The dollar steadied on Friday and stocks edged higher ahead of payroll data that could show more evidence of a strengthening U.S. recovery and give investors a reason to push more money into riskier assets.
The FTSEurofirst 300 index of leading European companies rose 0.1% in early trade, echoing a slightly firmer tone in Asia, but U.S. stock index futures slipped 0.2%.
The euro was largely unchanged against the dollar after two days of gains, supported overnight by talk that the European Central Bank of was buying bonds of peripheral countries such as Ireland and Portugal.
With the euro holding at $1.3225 above its 200-day moving average despite the euro zone fiscal crisis, investors ahead of the U.S. payrolls report put cash to work in stock markets, lifting Japan's Nikkei share average briefly to a 6-month intraday high and propelling technology shares.
"We expect the Bureau of Labor Statistics' (BLS) to report that the employment situation improved further last month. Indeed, the largest Census-adjusted job gain since April, along with a dip in the jobless rate, should buoy consumers' spirits and purchases during the holiday shopping season," Brian Jones, senior economist with Societe Generale in New York, said in a note.

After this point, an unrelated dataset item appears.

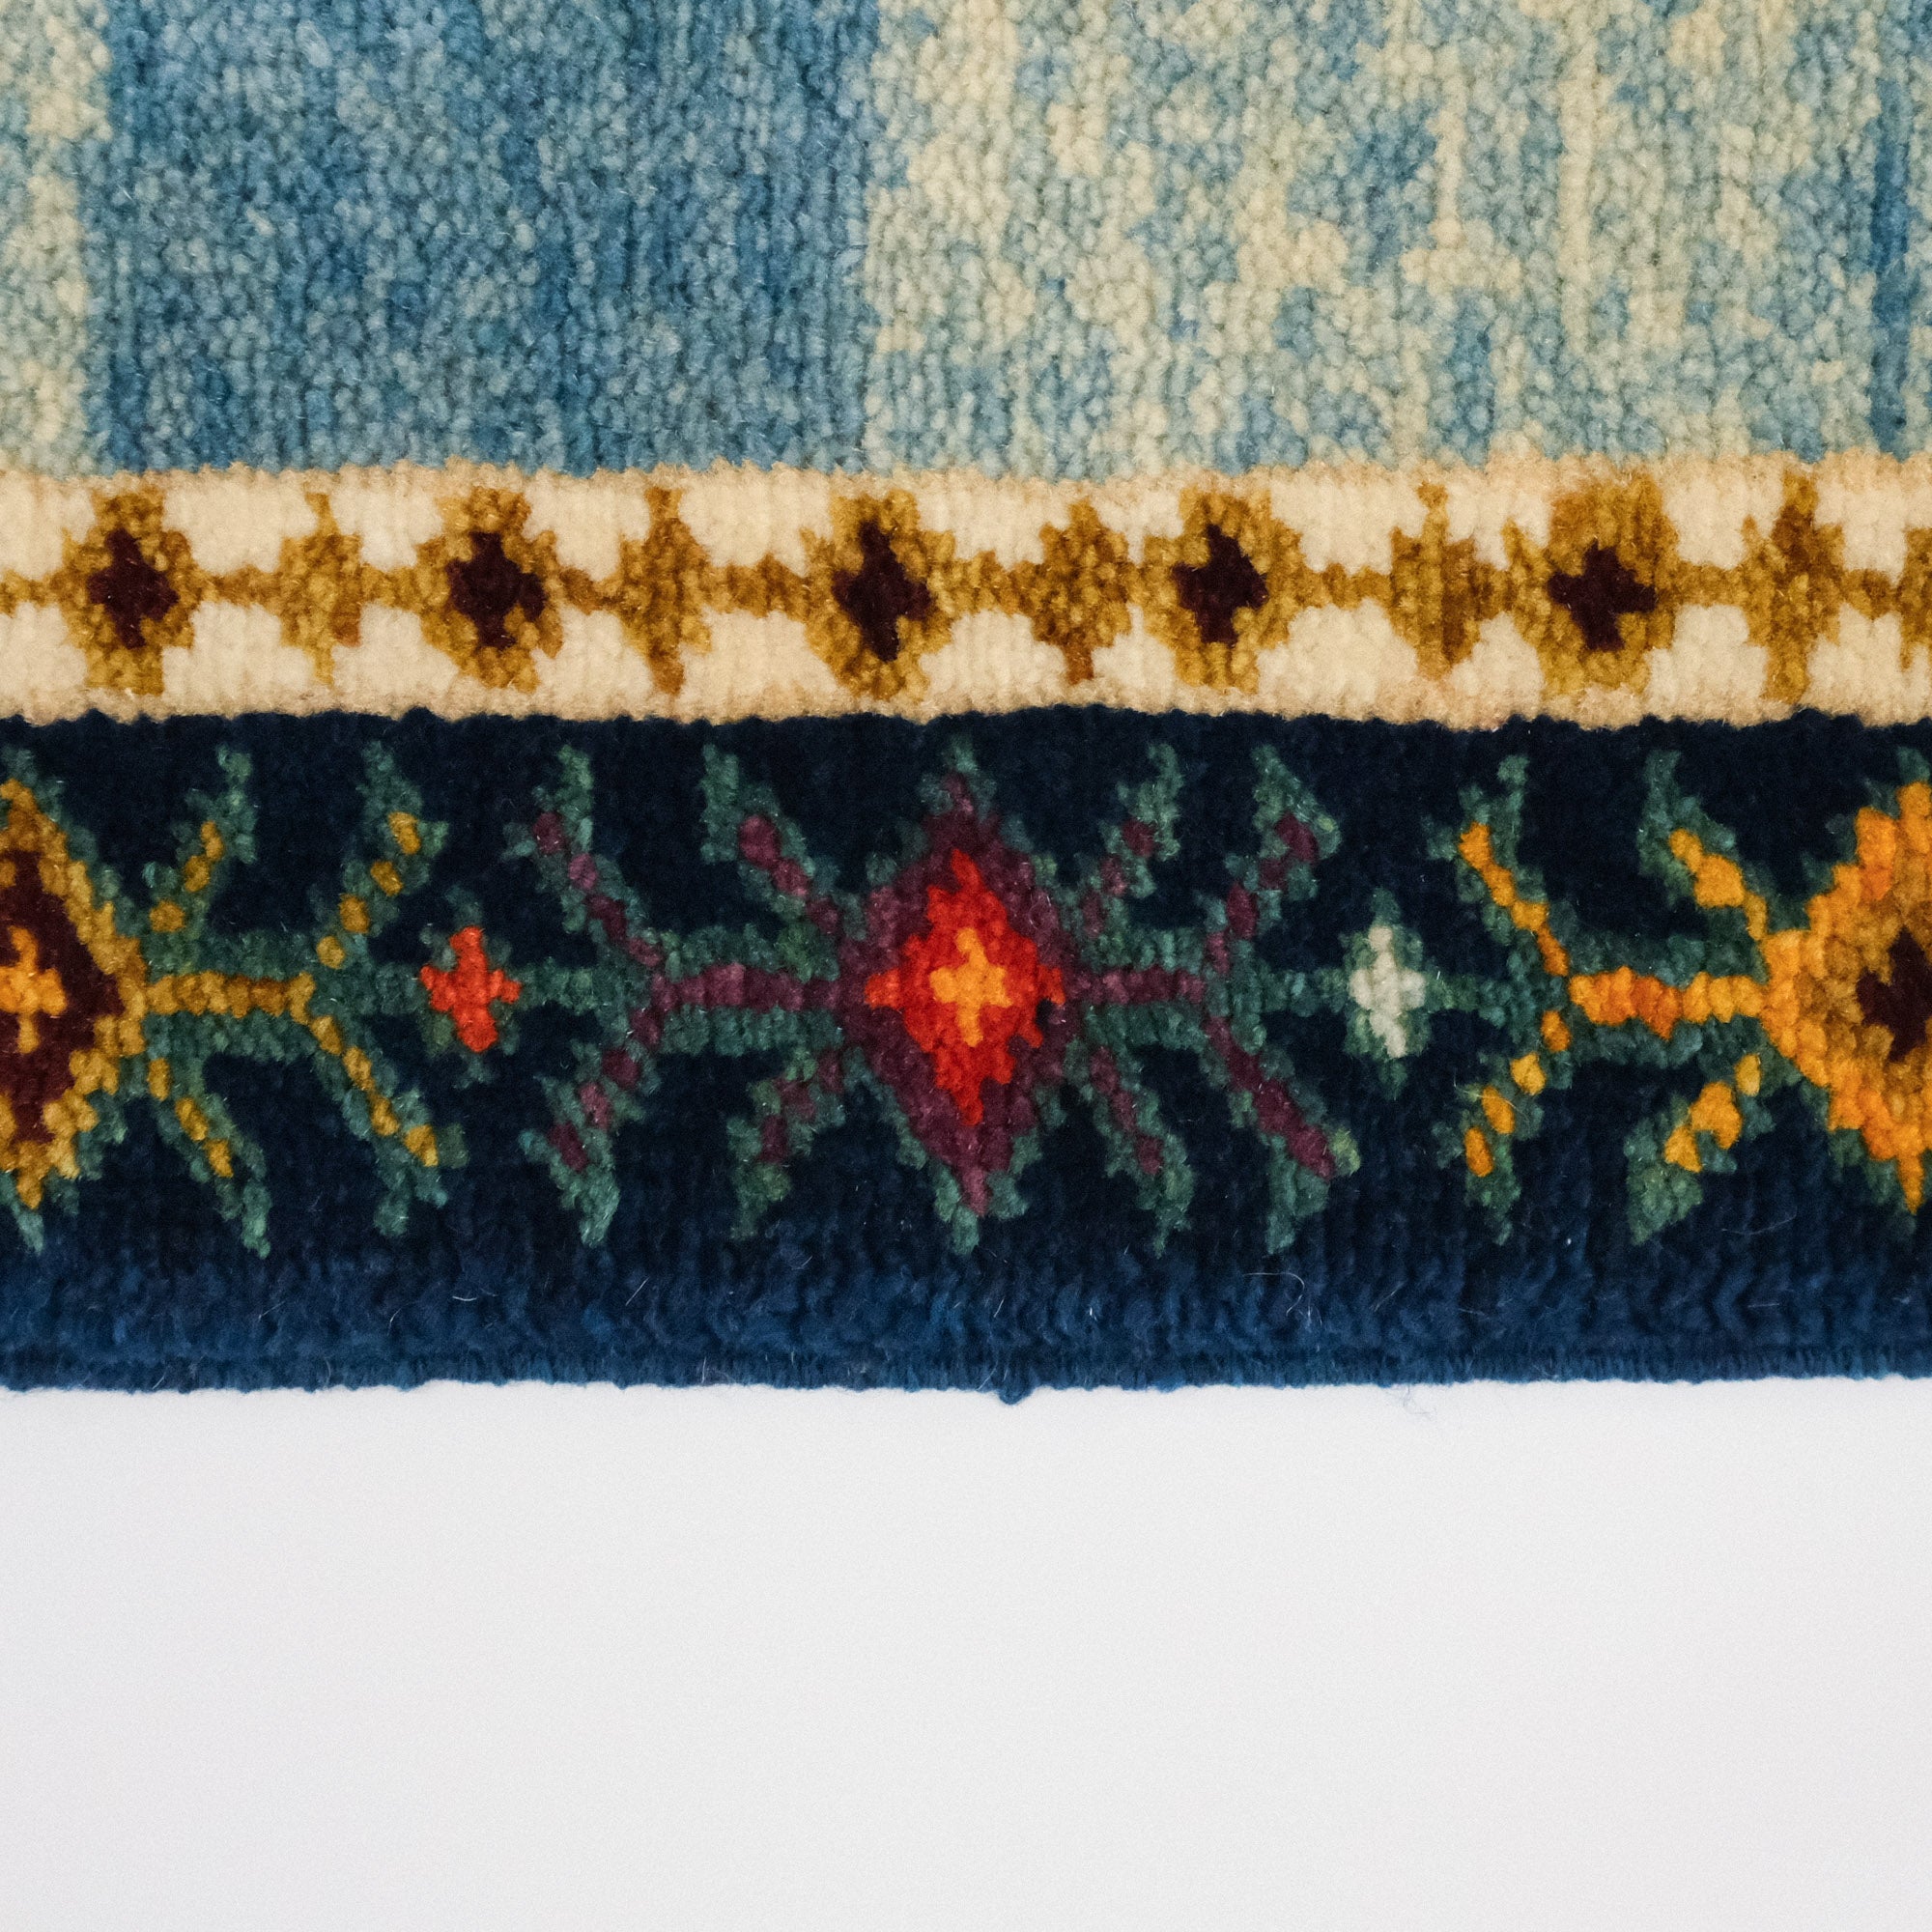 Anatolian Shawl Series Sivas Zara Patterned Hand-Woven Wool Carpet

The Nikkei closed 0.1% higher, driven mainly by buying of technology stocks such as Canon, which rose 1.5%.
Around the region, tech-related shares rallied, partly on expectations for strong U.S. holiday sales. The Thomson Reuters same-store sales index, based on 27 retailers reporting, showed an increase of 6% for November, the biggest increase since September 2006.
Shares of Taiwan Semiconductor Manufacturing Co popped 3.2% to a 2-1/2-year high on trading volume that was 3 times its 30-day average.
For a second day, the technology sector also outperformed in the MSCI index of Asia Pacific stocks outside Japan. The MSCI index was up 0.5%, while the IT index climbed 1.9%. The broad index extended a 3.5% gain in the week, exceeding the weekly returns of Japanese stocks for the first time in three weeks.
The U.S. economy is forecast to have generated 140,000 new jobs in November, with signs of a sustained recovery in private sector hiring combined with solid auto sales and continued industrial growth boding well for the macro outlook.
The improving U.S. economic picture has been a factor lifting the entire U.S. government bond yield curve higher.
The benchmark 10-year U.S. Treasury yield edged down to 3% compared with a four-month high of 3.03% reached on Thursday. Since Monday, the yield has risen 16 basis points, half of the entire rise since November.
Though the U.S. labour market report will be centre stage on Friday, investors will also been watching for follow-through on Thursday's unexpected narrowing in the spread of higher risk European government bond yields over German bond yields.
Market chatter about the European Central Bank stepping into the market to buy bonds in tranches of as much as 100 mln euros of at-risk countries such Ireland and Portugal, as reported by the Financial Times, caused the Ireland/Germany 10-year yield spread to narrow to 590 basis points, the least in two weeks.
The Portugal/Germany 10-year yield spread was at 352 basis points, the narrowest since October 28.